Aim of the exercise:
Pictures aside, repeat the whole listing word for word.

Supplied data:
....................

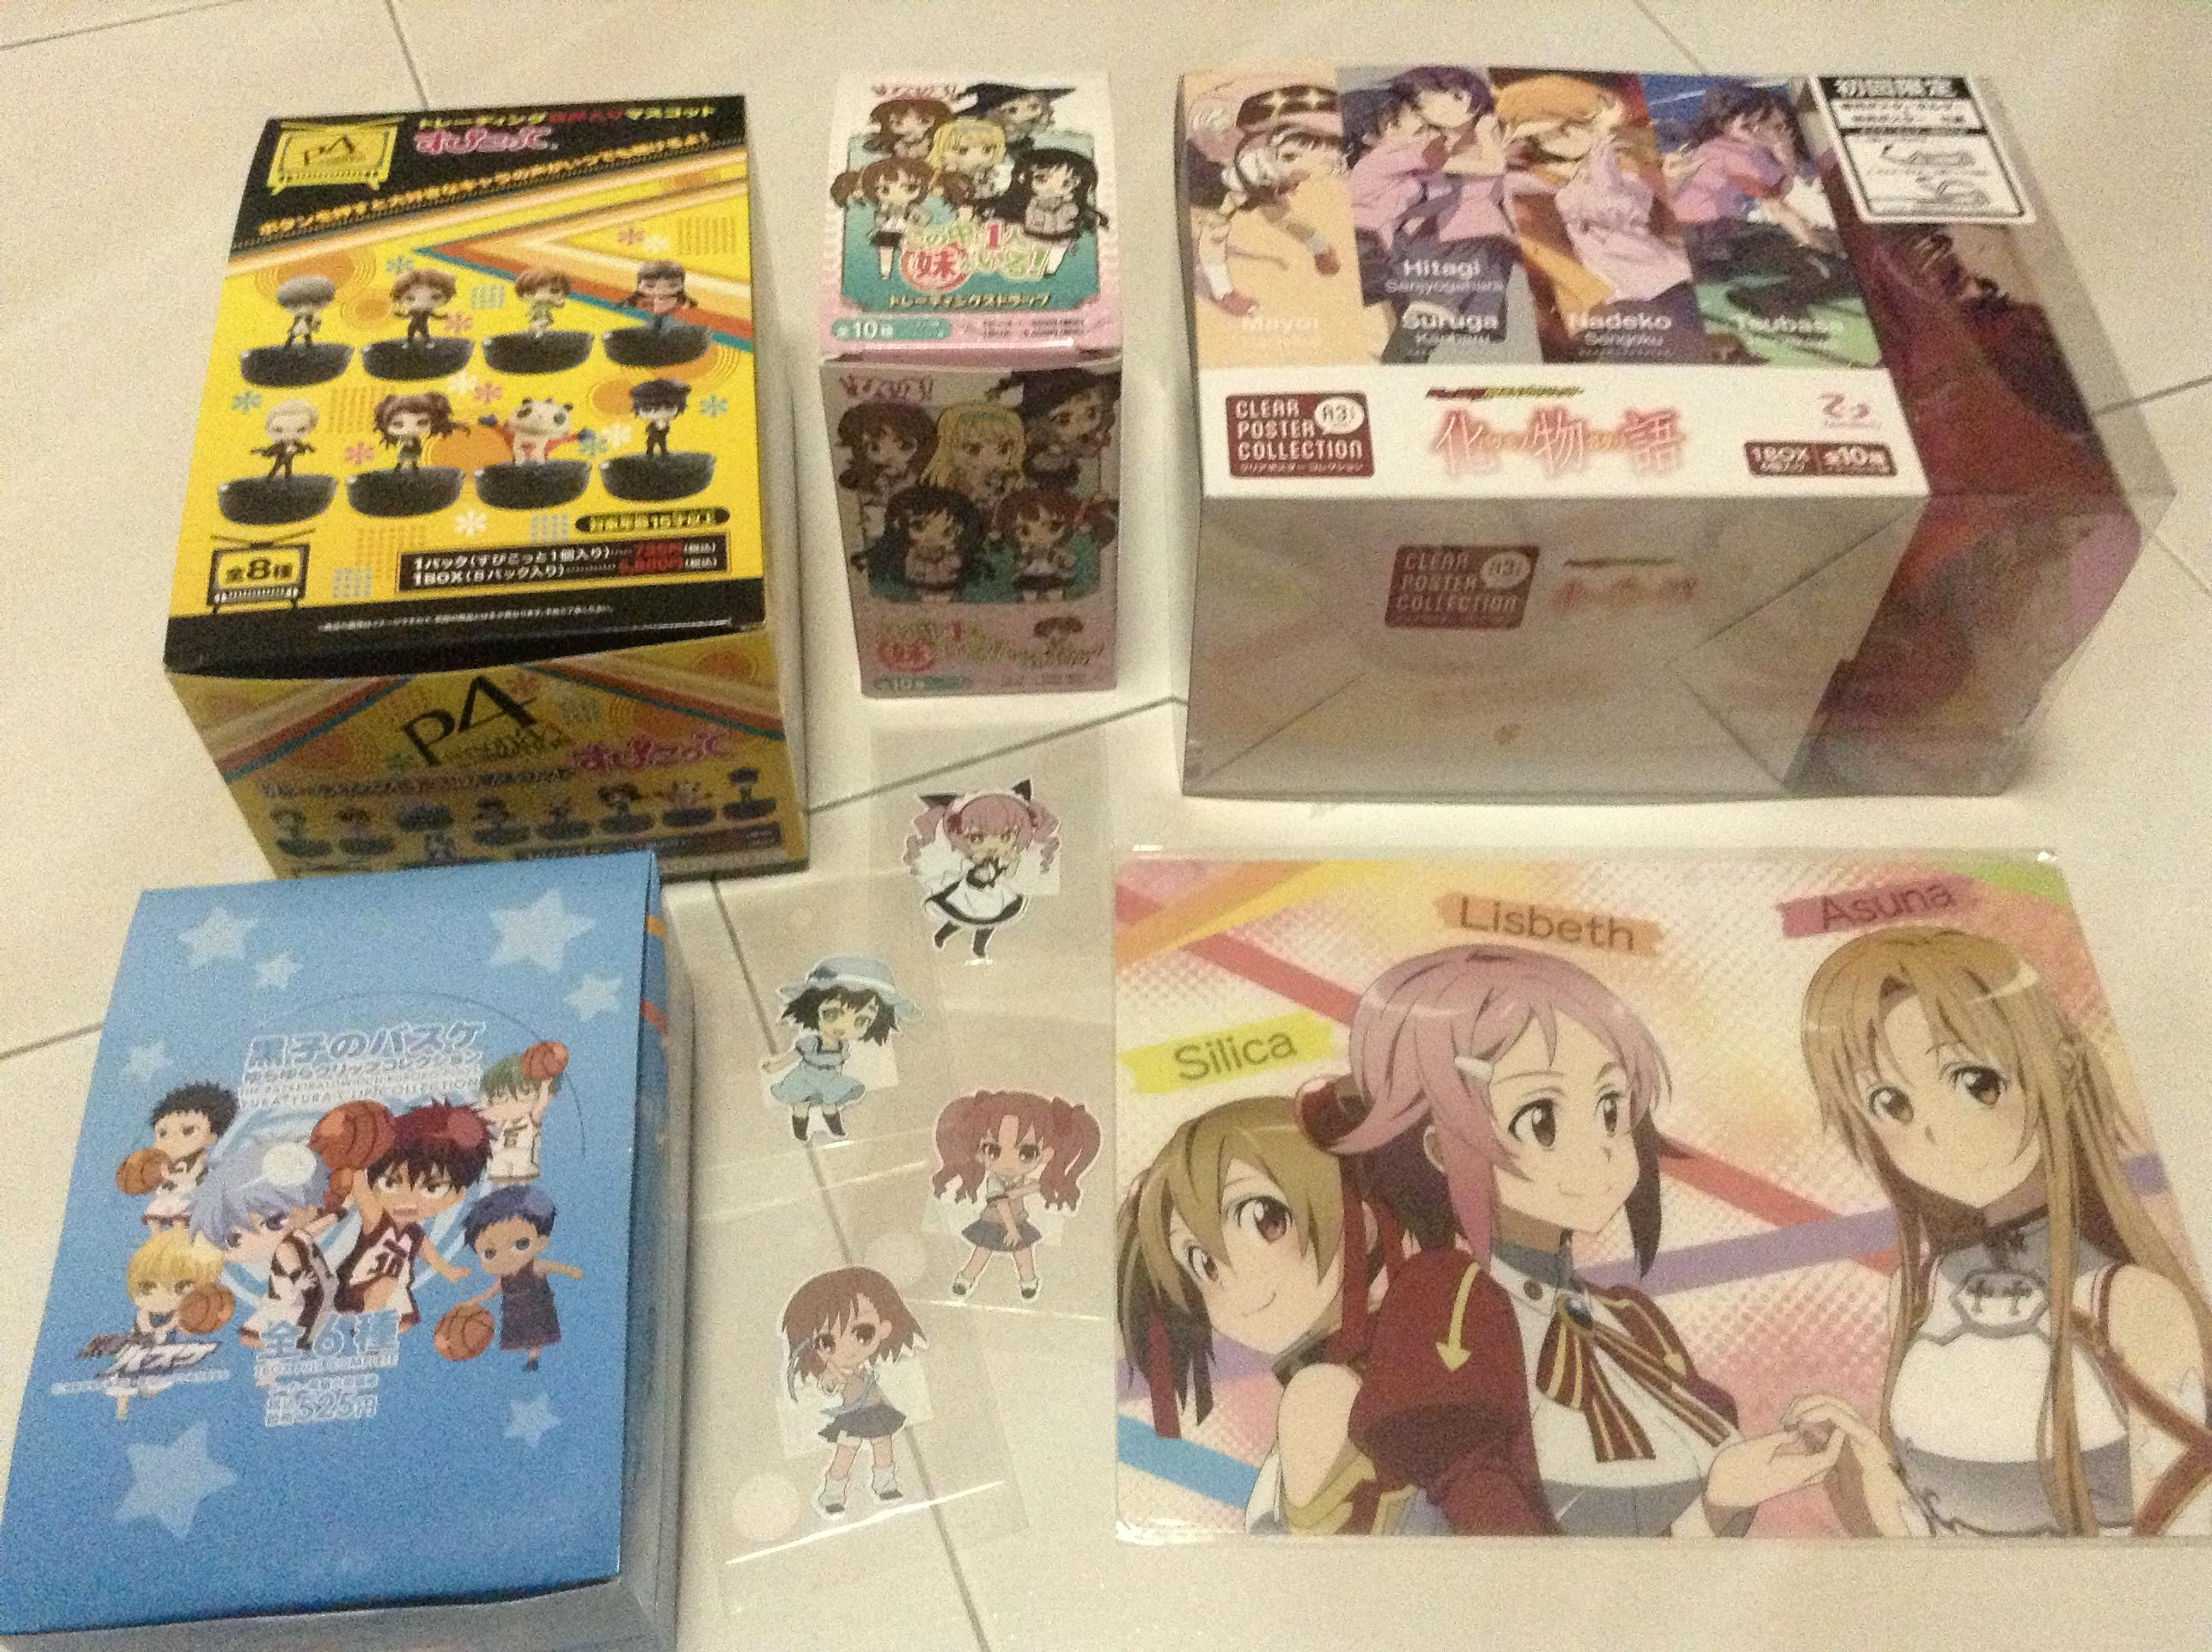 kuma chara-ani asuna movic kujikawa_rise pencil_board shin_megami_tensei:_persona_4 hobby_stock rubber_strap shujinkou shirogane_naoto amagi_yukiko sol_international satonaka_chie hanamura_yousuke sword_art_online silica pic-lil! tatsumi_kanji voice_mascot persona_4:_the_animation kuroko_no_basket kuroko_tetsuya kagami_taiga hyuuga_junpei midorima_shintarou kise_ryouta clip kono_naka_ni_hitori imouto_ga_iru! aomine_daiki tsuruma_konoe lisbeth kannagi_miyabi kunitachi_rinka tendou_mana sagara_mei imoto_ga_iru!_trading_strap kotori_maiko houshou_yuzurina kuroko_no_basket_-_yura-yura_clip_collection pic-lil!_kono_naka_ni_hitori
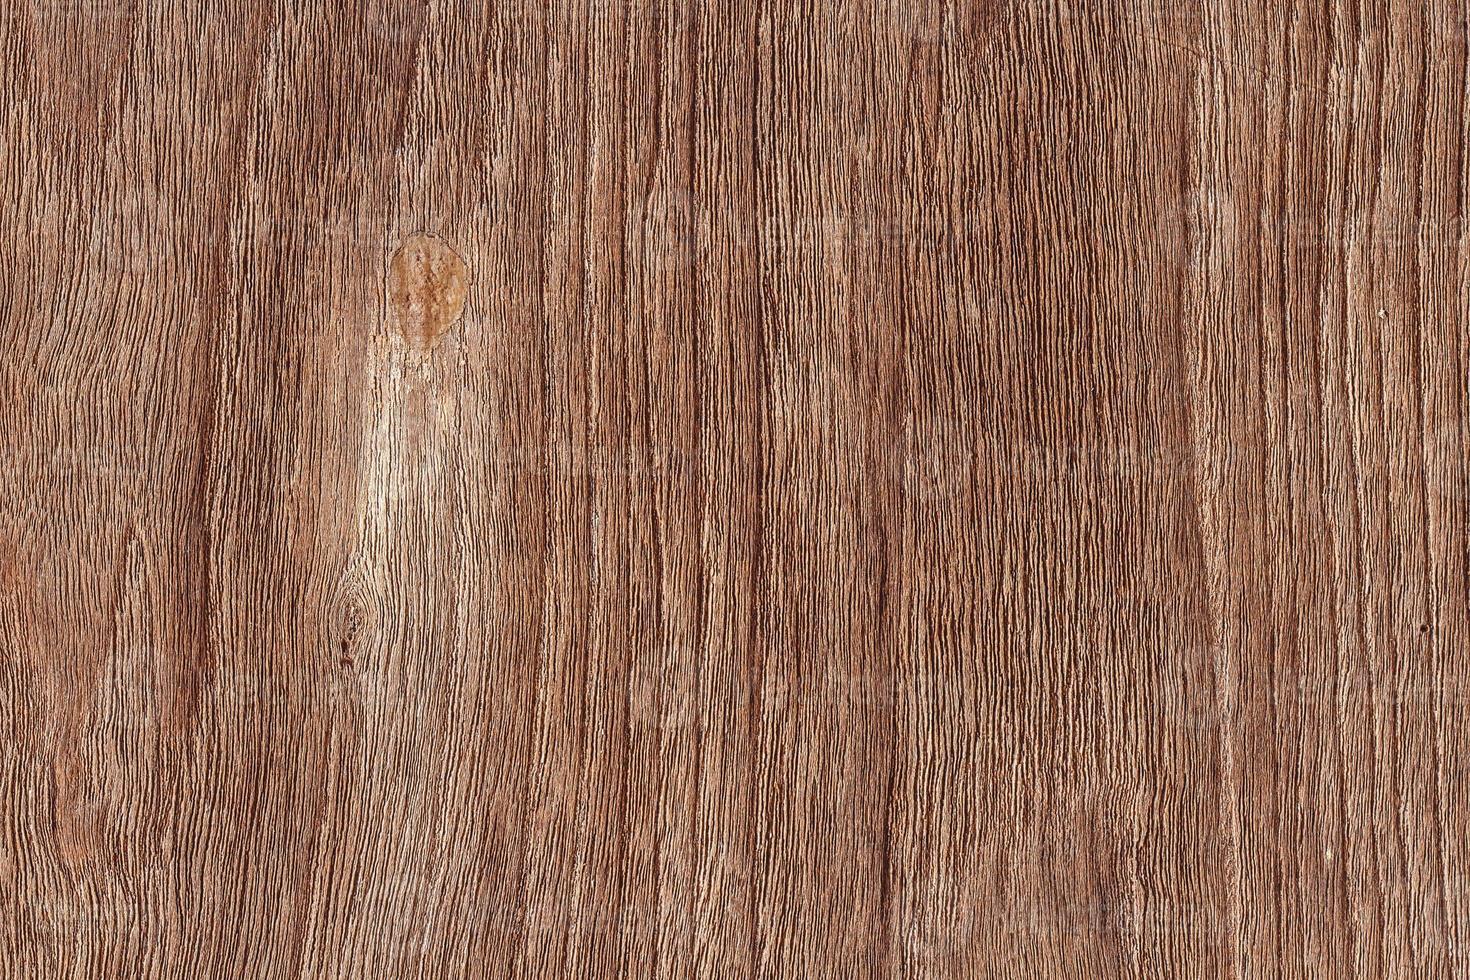 houtstructuur / houtstructuur achtergrond foto
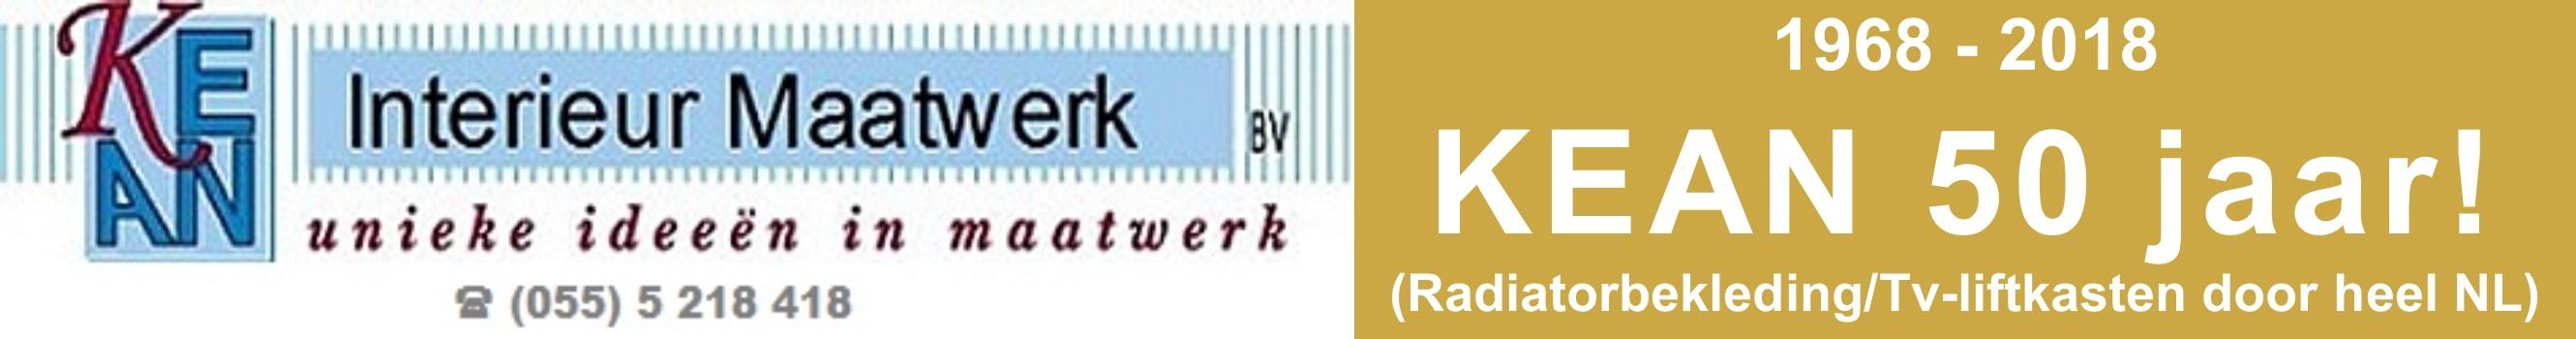 www.kean.nl

....................

Response for this exercise:
 kuma chara-ani asuna movic kujikawa_rise pencil_board shin_megami_tensei:_persona_4 hobby_stock rubber_strap shujinkou shirogane_naoto amagi_yukiko sol_international satonaka_chie hanamura_yousuke sword_art_online silica pic-lil! tatsumi_kanji voice_mascot persona_4:_the_animation kuroko_no_basket kuroko_tetsuya kagami_taiga hyuuga_junpei midorima_shintarou kise_ryouta clip kono_naka_ni_hitori imouto_ga_iru! aomine_daiki tsuruma_konoe lisbeth kannagi_miyabi kunitachi_rinka tendou_mana sagara_mei imoto_ga_iru!_trading_strap kotori_maiko houshou_yuzurina kuroko_no_basket_-_yura-yura_clip_collection pic-lil!_kono_naka_ni_hitori
 houtstructuur / houtstructuur achtergrond foto
 www.kean.nl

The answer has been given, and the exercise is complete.